▸ What to do
Take the line that contains "Vintage Minnesota Athletic" as the start and the last line of the entries as the end, and print both and everything between them exactly, without the pictures.

- - -

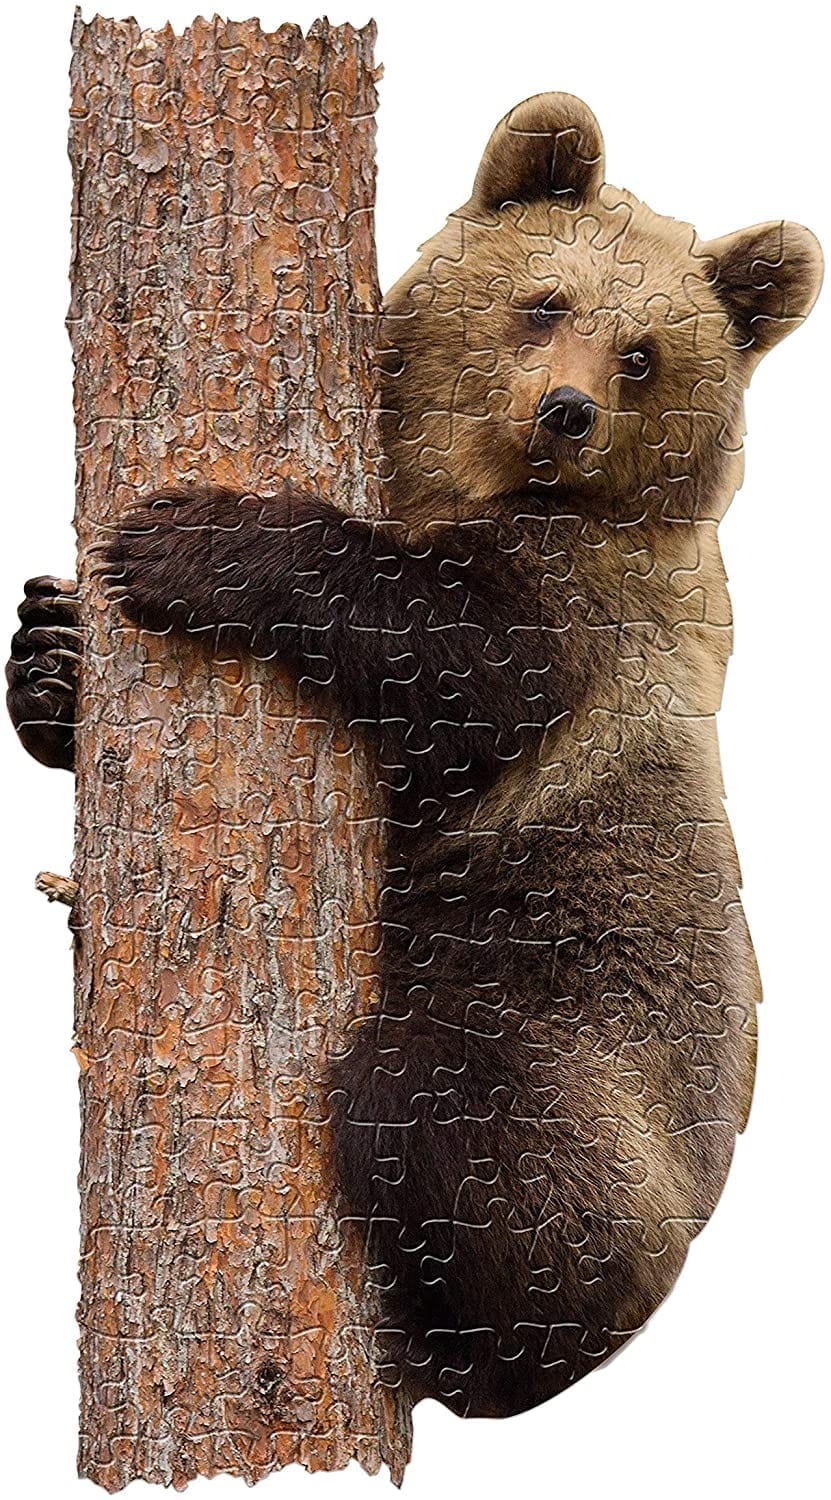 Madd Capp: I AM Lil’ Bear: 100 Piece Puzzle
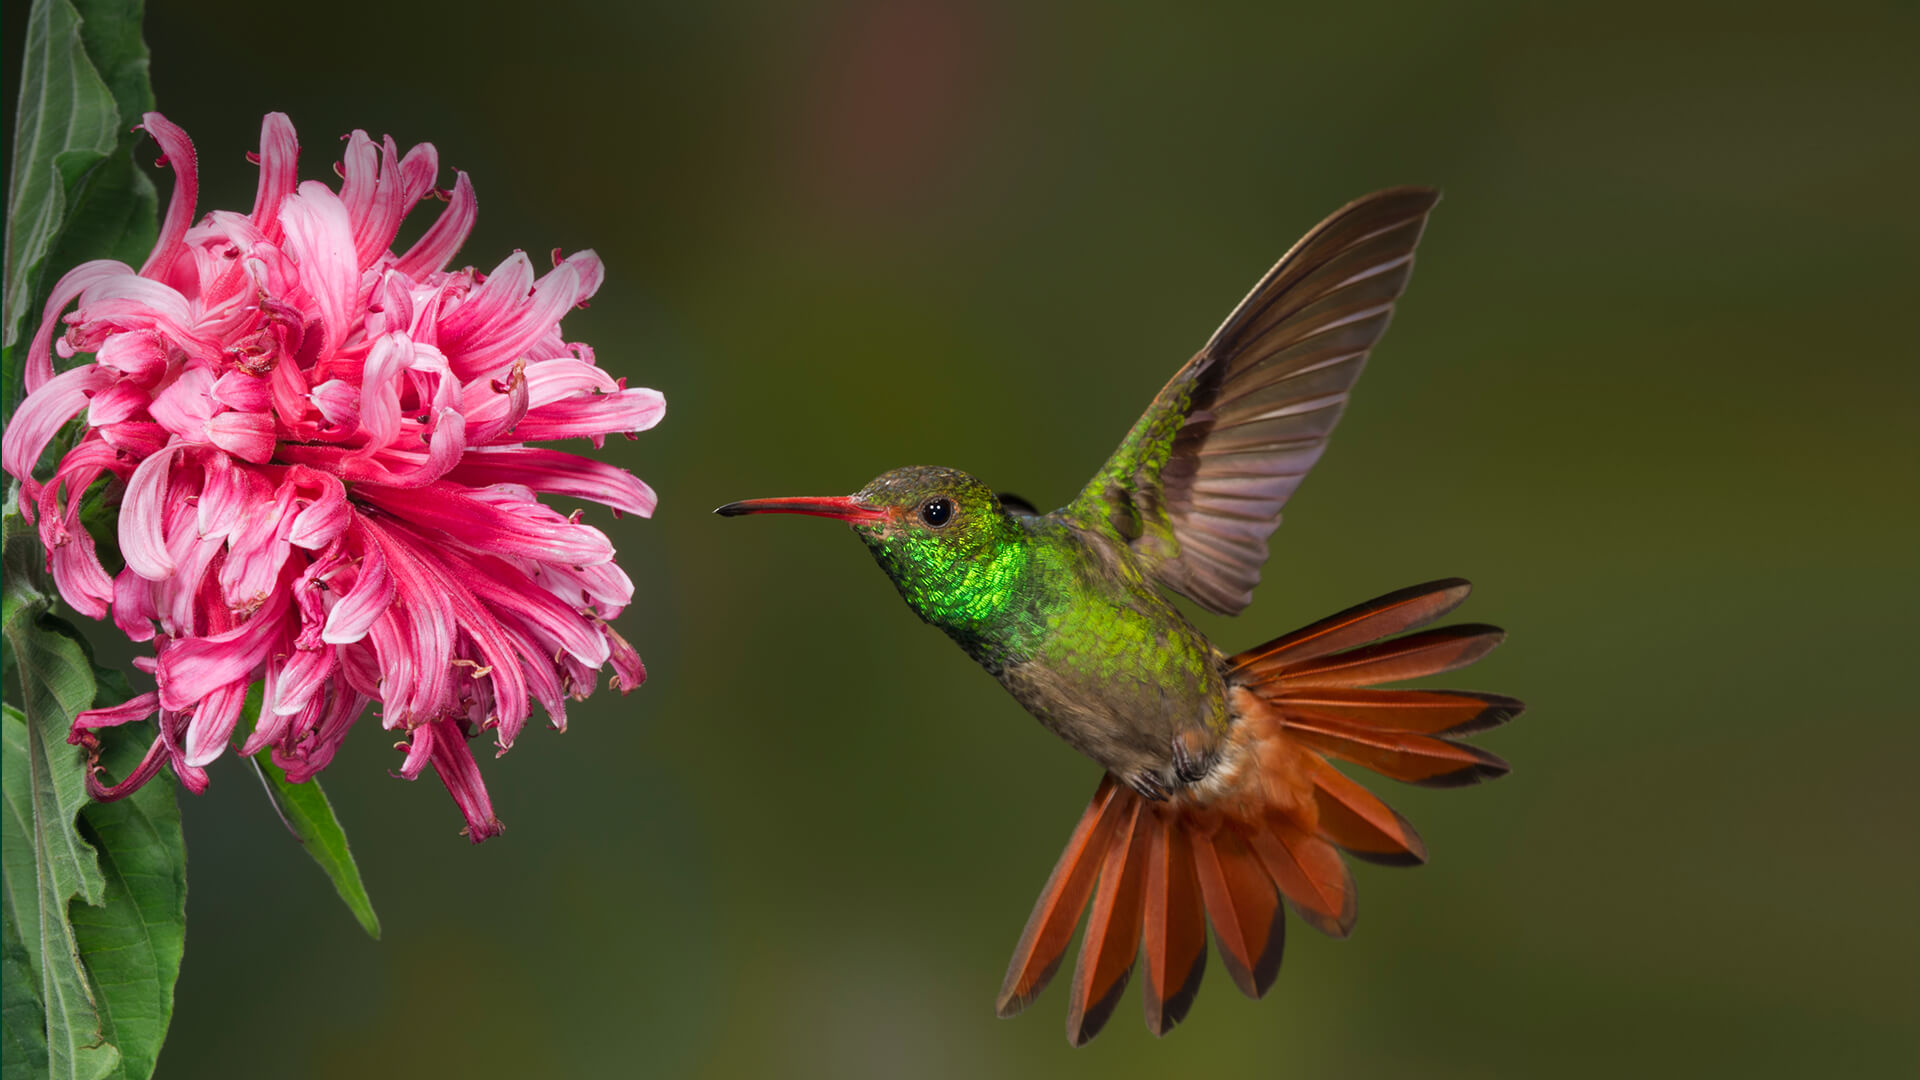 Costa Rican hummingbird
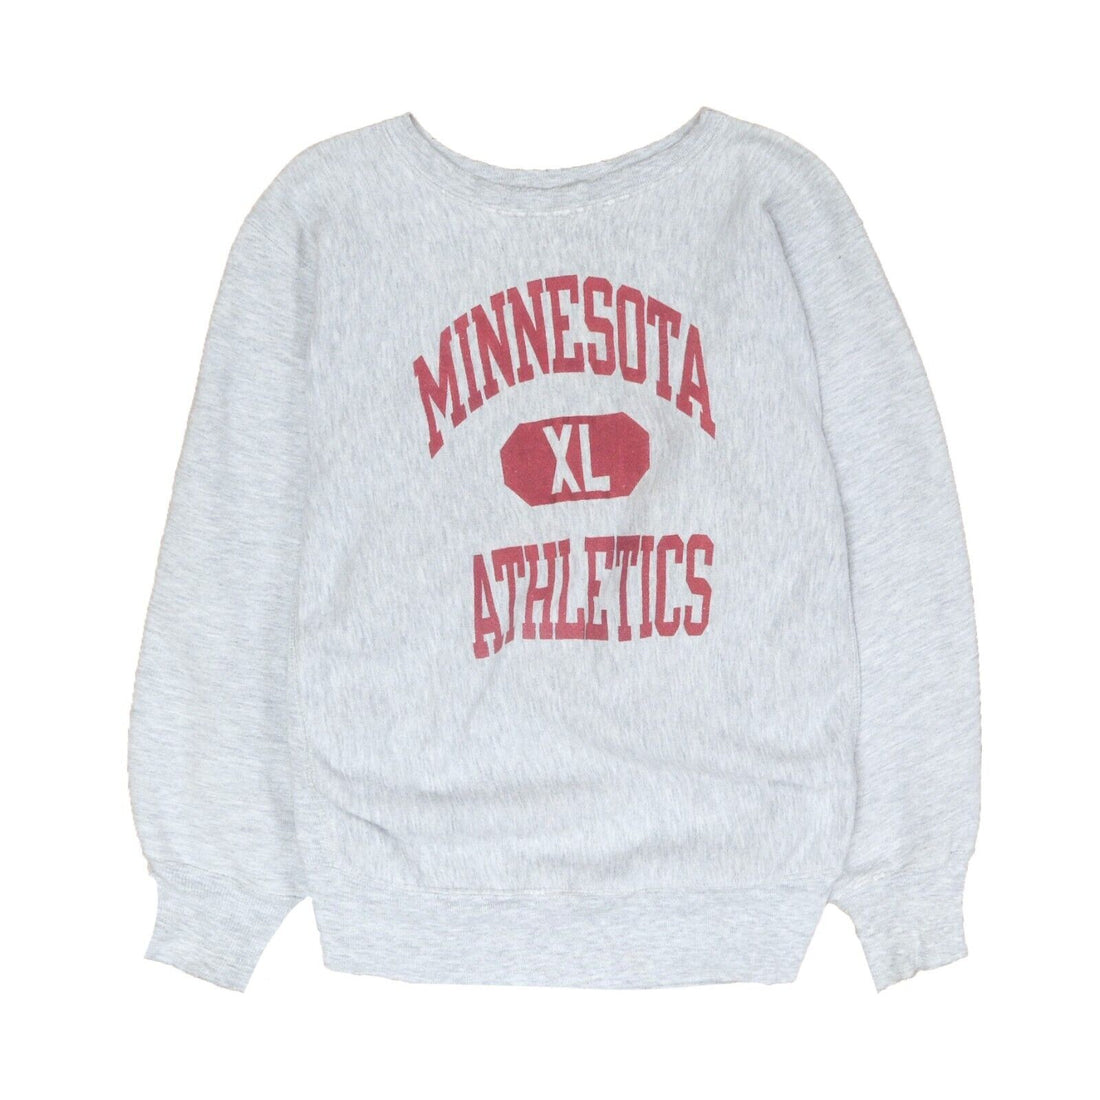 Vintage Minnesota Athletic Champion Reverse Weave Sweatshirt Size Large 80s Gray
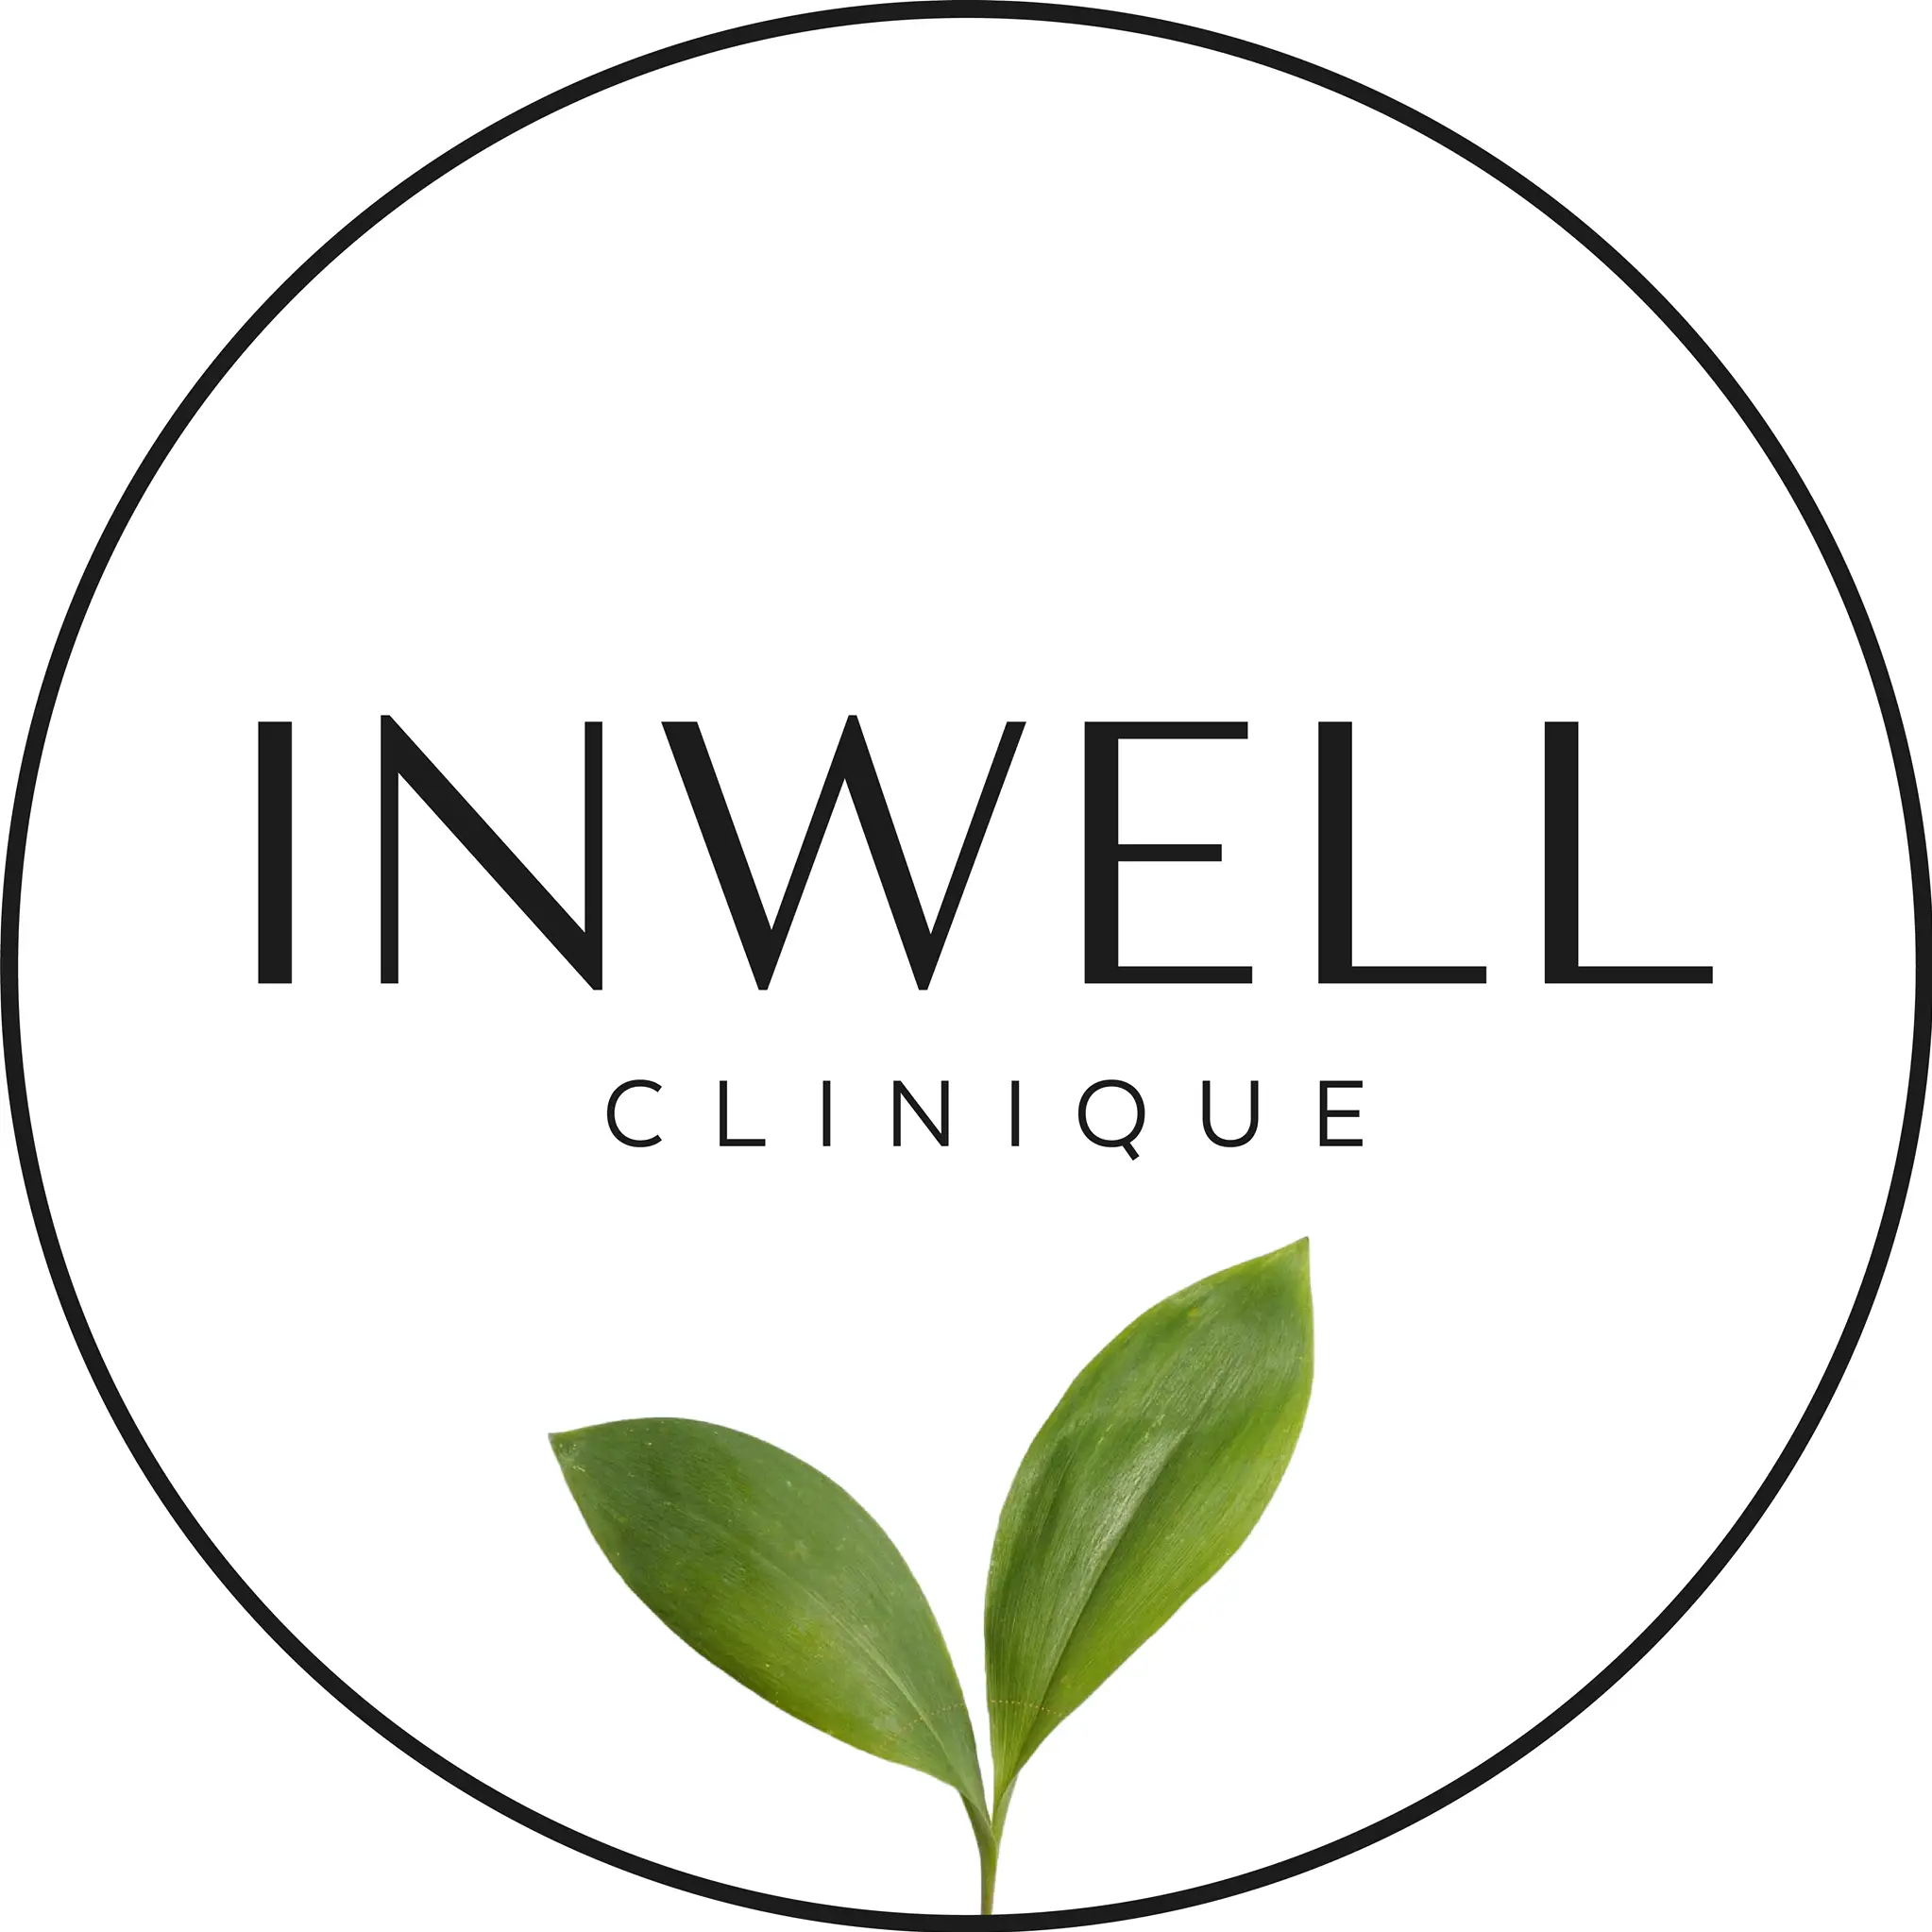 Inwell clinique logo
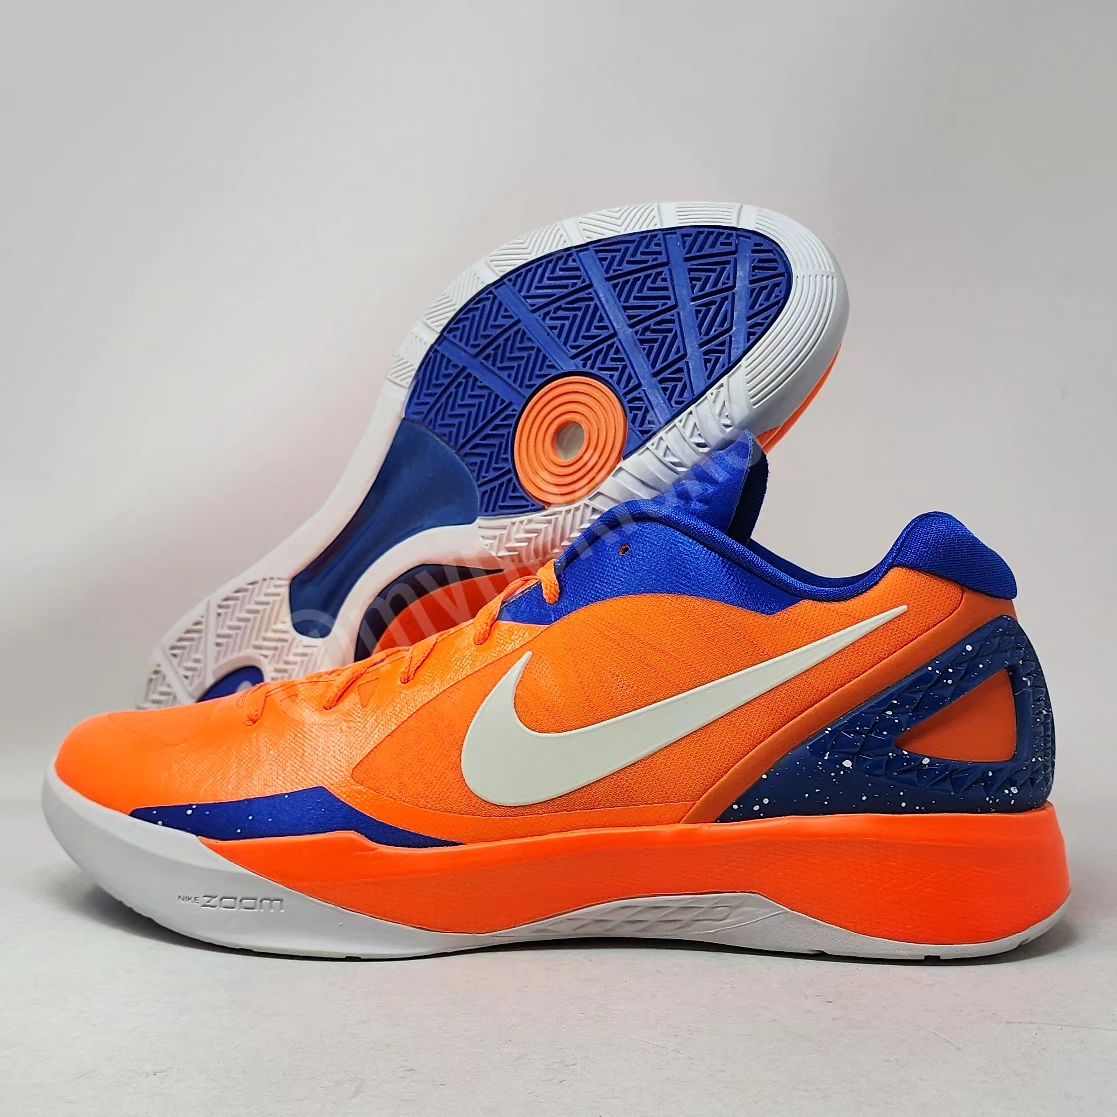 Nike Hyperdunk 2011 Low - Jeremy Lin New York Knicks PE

- - -

▸ Task solution
 Vintage Minnesota Athletic Champion Reverse Weave Sweatshirt Size Large 80s Gray
 Inwell clinique logo
 Nike Hyperdunk 2011 Low - Jeremy Lin New York Knicks PE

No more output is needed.